Aliciella subnuda (synonym Gilia subnuda, common name - coral gilia or carmine gilia) is a biennial or perennial plant in the phlox family (Polemoniaceae) found in the Colorado Plateau and Canyonlands region of the southwestern United States.

==Description==

===Growth pattern===
It is a 6 to 20 in biennial or perennial plant growing from a basal rosette.

Sticky leaves and stems catch blowing sand and dirt giving them a sandy coating.

===Leaves and stems===
3/4 to 3+3/4 in lobed leaves are spatula shaped or egg shaped with sticky hairs.

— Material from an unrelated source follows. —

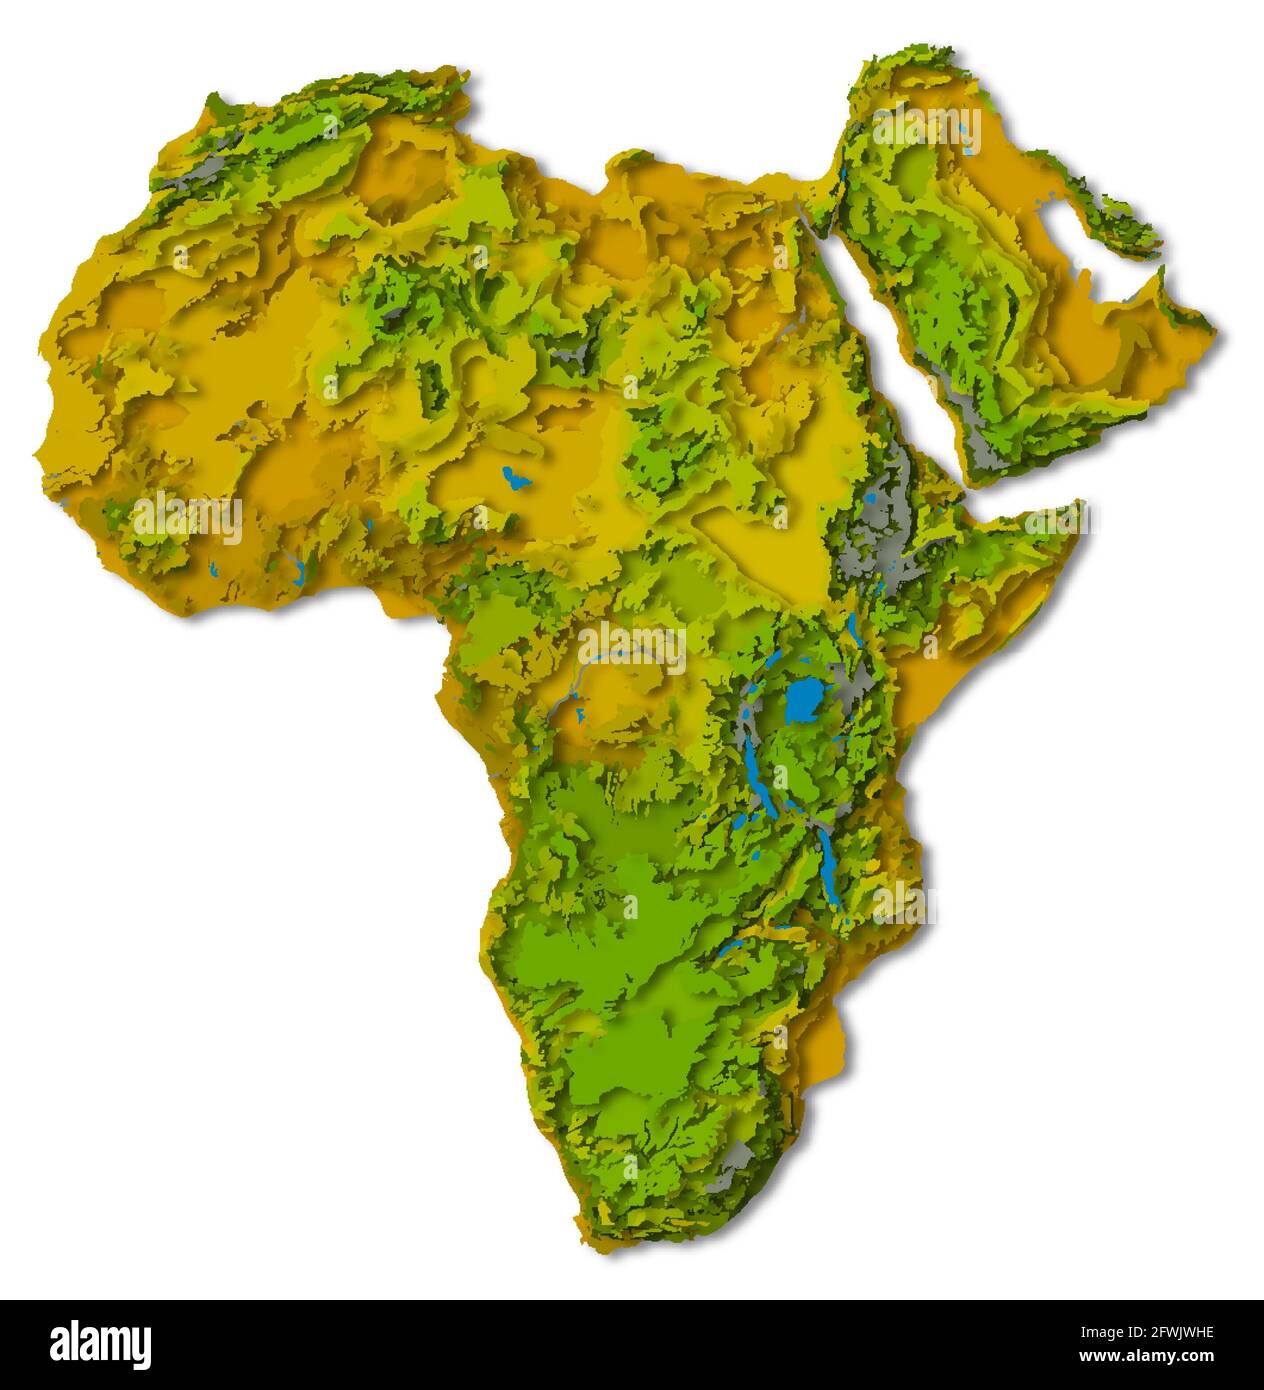 Africa continent, detailed papercut layered map with shadows, isolated on white background. Elements of this image furnished by NASA. Stock Photo

Stems are thin and sticky.

===Inflorescence and fruit===
It blooms from May to July. Clustering at the ends of the stems, reddish or carmine flowers have a 3/8 to 3/4 in long corolla tube flaring to 5 lobes.

==Taxonomy==
Gilia subnuda was scientifically described and named in 1870 by Asa Gray, who credited the work of John Torrey. It was moved out of genus Gilia and into Aliciella as Aliciella subnuda in 1998 by James Mark Porter. Togeather with its genus it is classified in the Polemoniaceae family and the species has five botanical synonyms.

Table of Synonyms
| Name | Year | Rank | Notes |
| Gilia subnuda Torr. ex A.Gray | 1870 | species | ≡ hom. |
| Gilia subnuda subsp. haydenii Brand | 1907 | subspecies | = het. |
| Gilia subnuda subsp. superba Brand | 1907 | subspecies | ≡ hom. |
| Gilia superba Eastw. | 1893 | species | ≡ hom., nom. illeg. |
| Navarretia subnuda (Torr. ex A.Gray) Kuntze | 1891 | species | ≡ hom. |
Notes: ≡ homotypic synonym; = heterotypic synonym

==Habitat and range==
It can be found in warm desert shrub, pinyon juniper woodland, and ponderosa pine forest communities across the southwestern United States.

==Ecological and human interactions==
Flowers are pollinated by bees and hummingbirds.